Step 4: Statistical Summary
Let’s take a closer look at the statistical distribution of the features across the different species.
# Group the data by species and calculate the mean and standard deviation for each group
grouped_mean = iris_df.groupby('species').mean()

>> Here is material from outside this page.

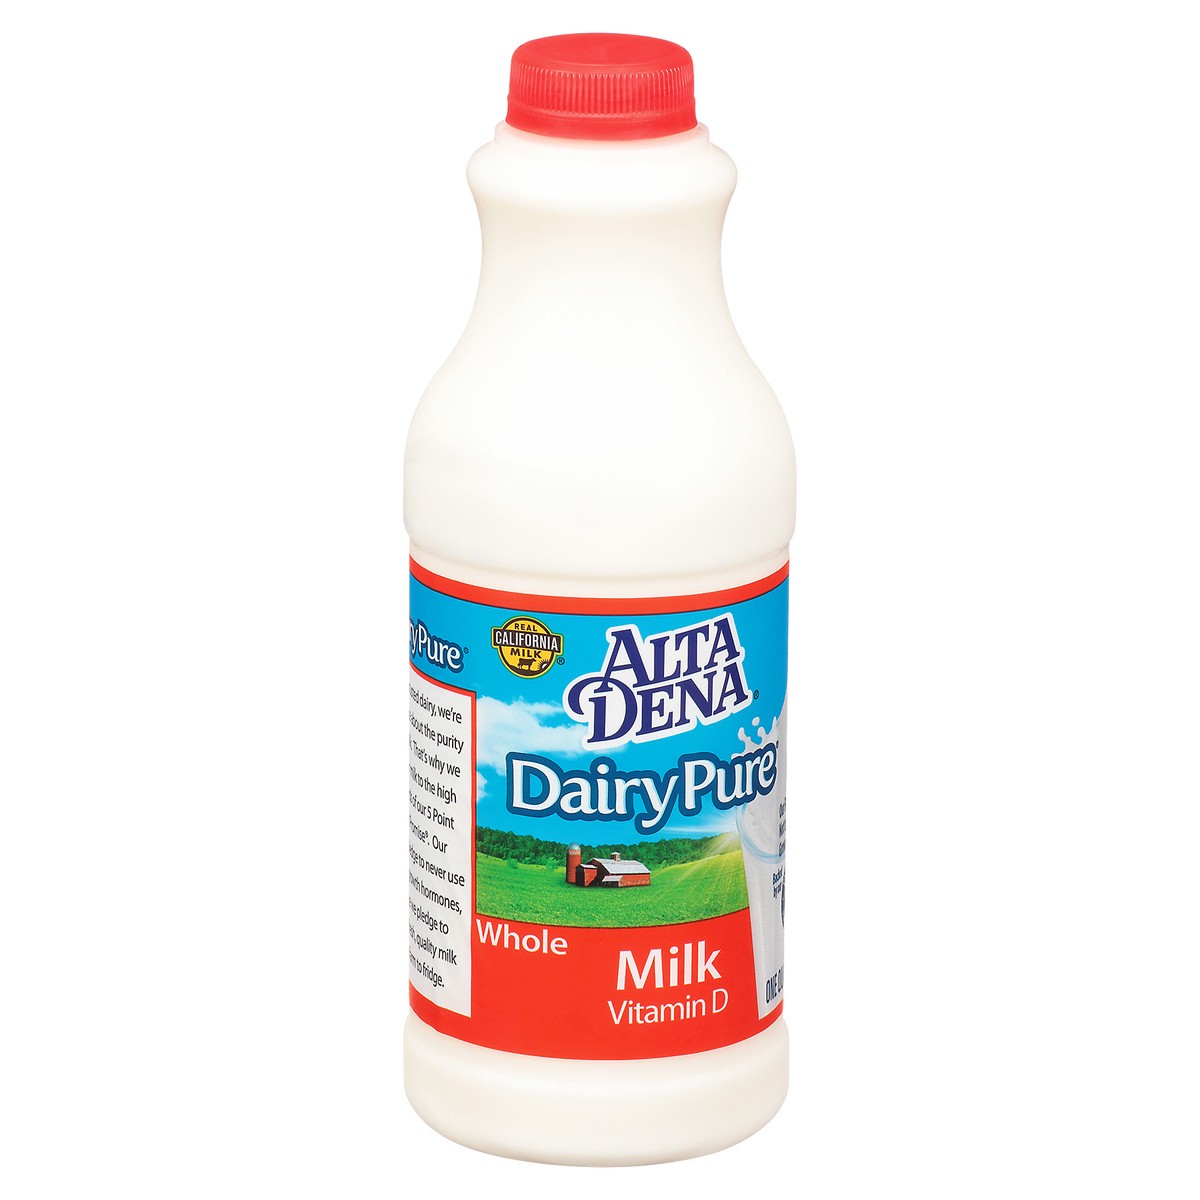 slide 4 of 9, Dairy Pure Vitamin D Milk, Whole Milk Bottle - 1 Quart, 1 qt

grouped_std = iris_df.groupby('species').std()
grouped_mean, grouped_std
Output:
( sepal length (cm) sepal width (cm) petal length (cm) \
species
setosa 5.006 3.428 1.462
versicolor 5.936 2.770 4.260
virginica 6.588 2.974 5.552
petal width (cm)
species
setosa 0.246
versicolor 1.326
virginica 2.026 ,
sepal length (cm) sepal width (cm) petal length (cm) \
species
setosa 0.352490 0.379064 0.173664
versicolor 0.516171 0.313798 0.469911
virginica 0.635880 0.322497 0.551895
petal width (cm)
species
setosa 0.105386
versicolor 0.197753
virginica 0.274650 )
The table below summarizes the mean and standard deviation of each feature for the different species:
Feature | Setosa (Mean) | Versicolor (Mean) | Virginica (Mean) | Setosa (Std) | Versicolor (Std) | Virginica (Std) |
---|---|---|---|---|---|---|
Sepal length (cm) | 5.006 | 5.936 | 6.588 | 0.352 | 0.516 | 0.636 |
Sepal width (cm) | 3.428 | 2.770 | 2.974 | 0.379 | 0.314 | 0.322 |
Petal length (cm) | 1.462 | 4.260 | 5.552 | 0.174 | 0.470 | 0.552 |
Petal width (cm) | 0.246 | 1.326 | 2.026 | 0.105 | 0.198 | 0.275 |
- Setosa: Generally has smaller dimensions.

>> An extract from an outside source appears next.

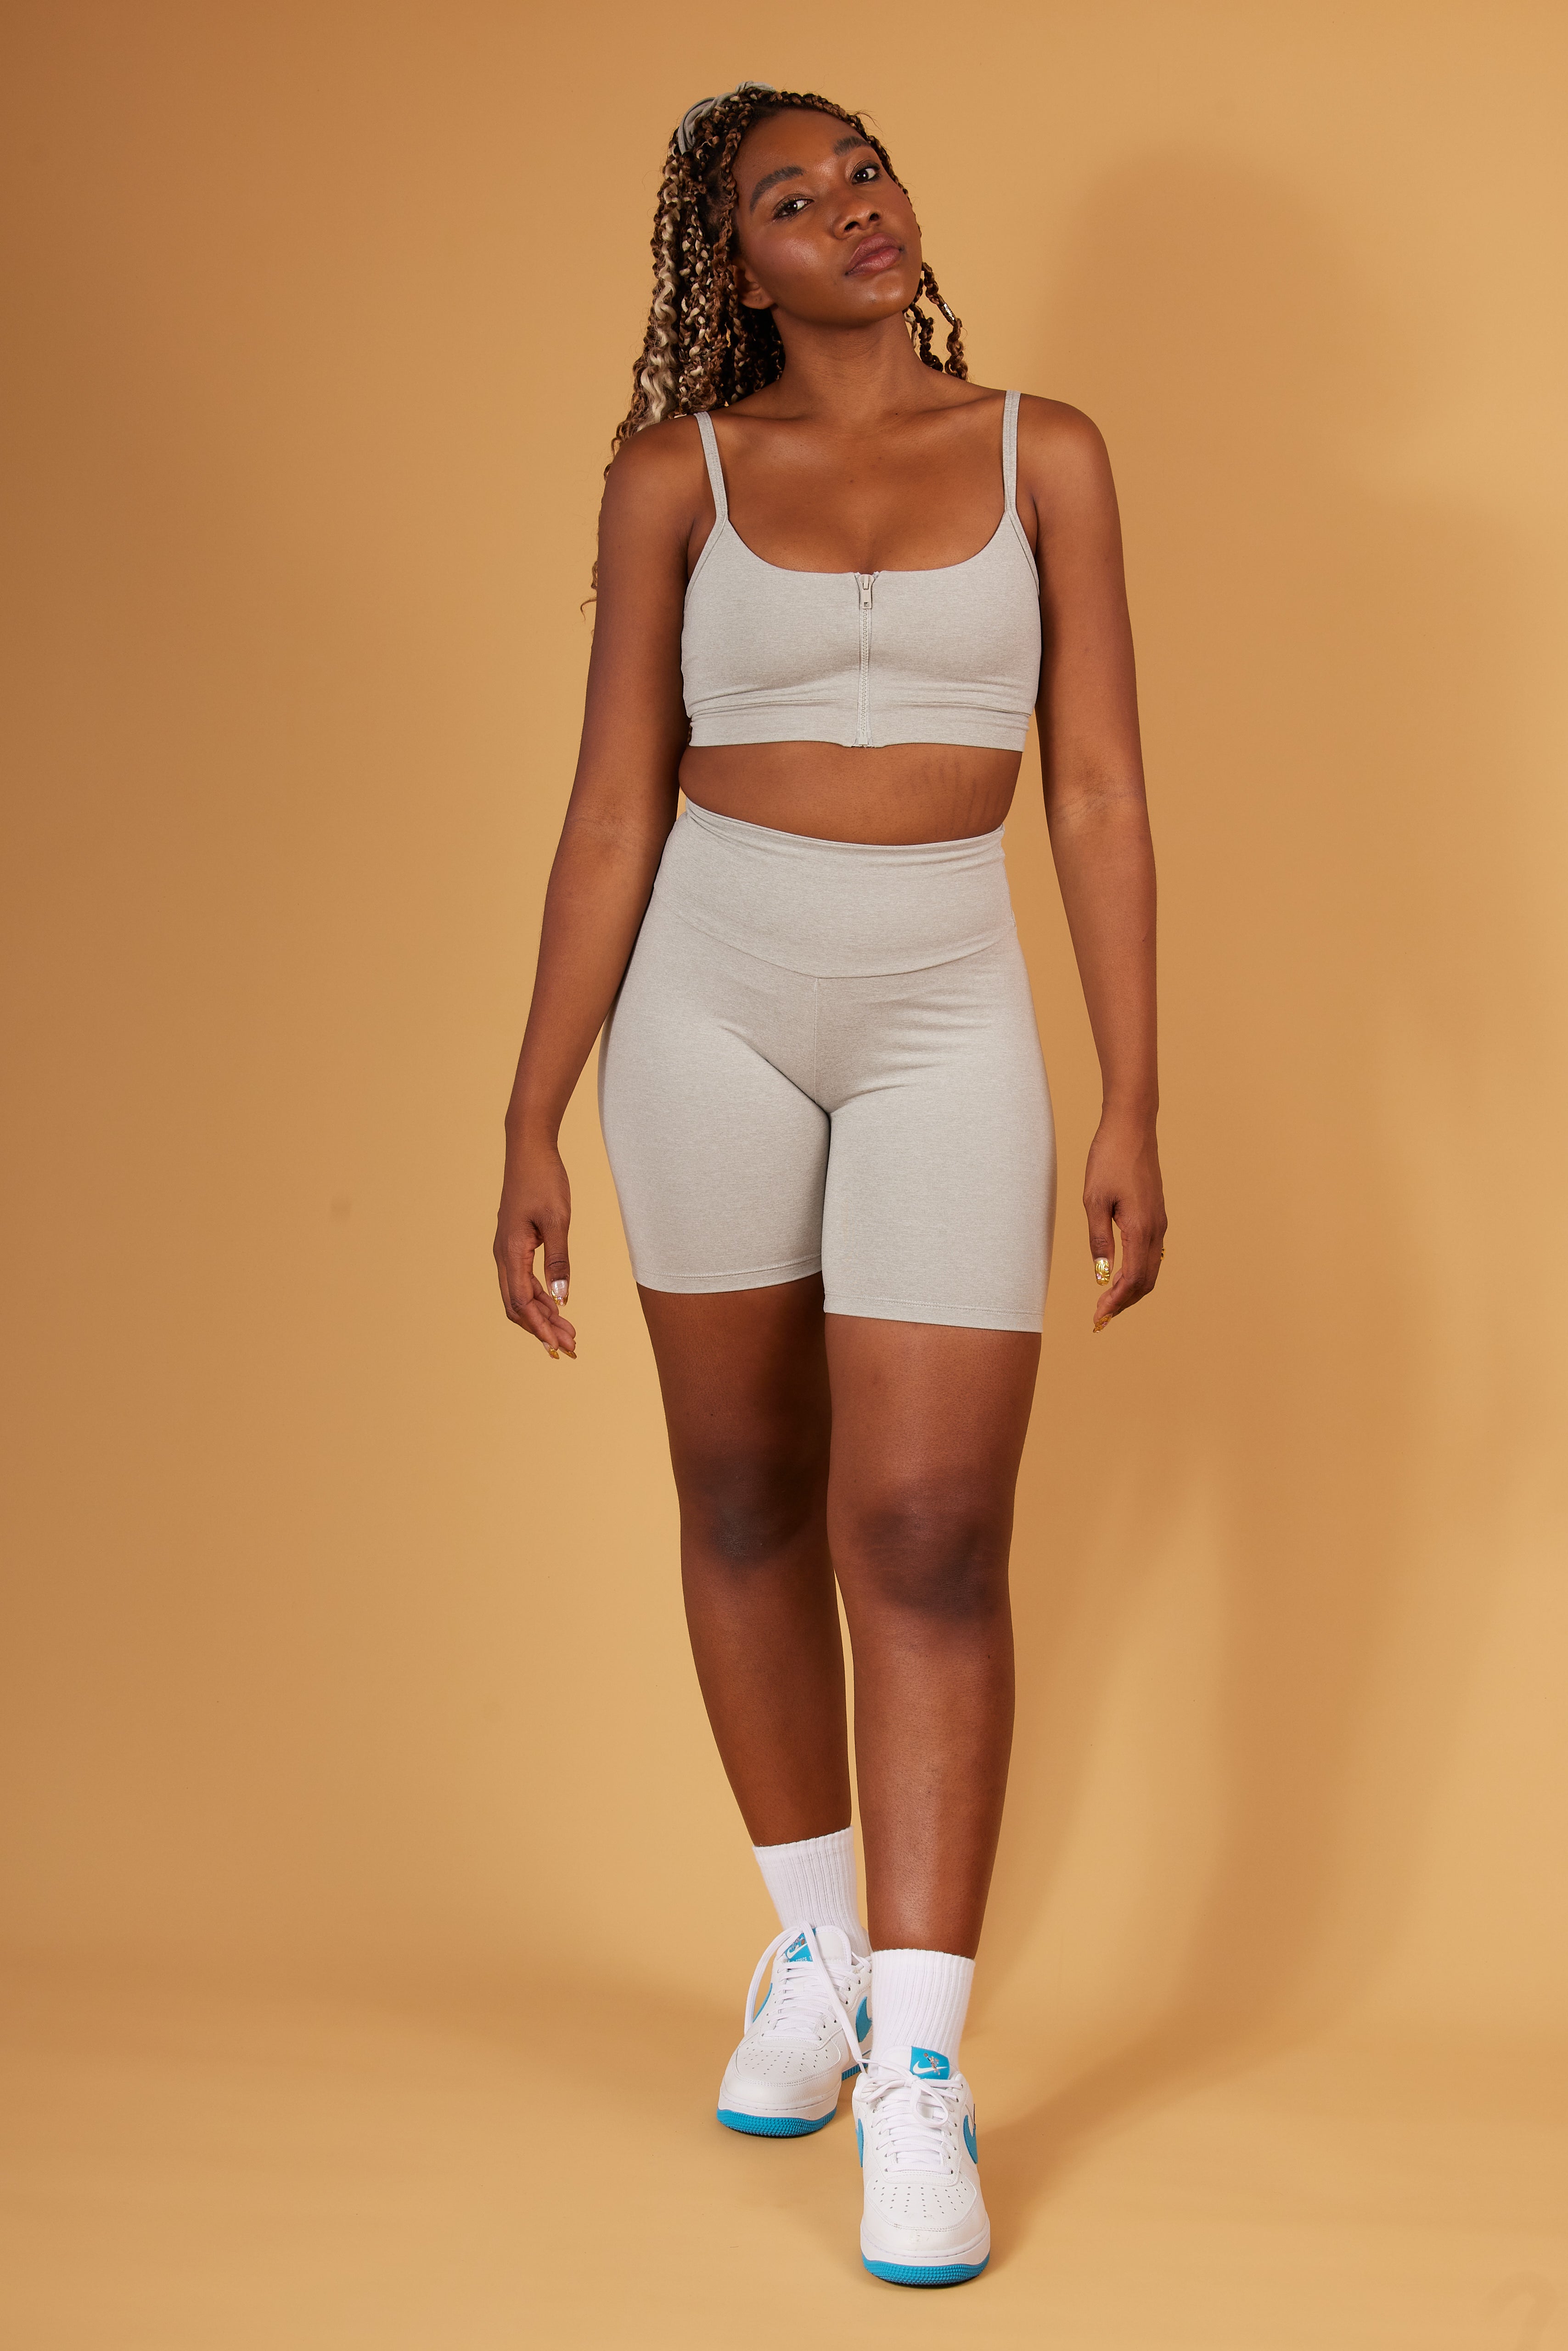 Ky New Design 2017 Women Custom Hooded Fitness Sports Bra Athletic

- Versicolor: Has dimensions that are intermediate between Setosa and Virginica.
- Virginica: Generally has larger dimensions.
Step 5: Correlation Analysis of Iris Dataset
Finally, let’s check how the features correlate with each other.
# Calculate the correlation matrix
correlation_matrix = iris_df.corr()
# Generate a heatmap to visualize the correlation matrix
plt.figure(figsize=(10, 8))
sns.heatmap(correlation_matrix, annot=True, cmap='coolwarm', fmt=".2f")
plt.title('Correlation Heatmap of Iris Dataset')
plt.show()
Output:
The heatmap above shows the correlation matrix for the feature variables in the Iris dataset. The values range from -1 to 1, with -1 indicating a strong negative correlation, 1 indicating a strong positive correlation, and 0 indicating no correlation.
Here are some observations:
- Sepal Length is positively correlated with Petal Length and Petal Width, suggesting that longer sepals are associated with longer and wider petals.
- Sepal Width shows relatively low correlation with other features.
- Petal Length and Petal Width are strongly positively correlated, indicating that longer petals are generally also wider.
That wraps up our complete data analysis and visualization of the Iris dataset.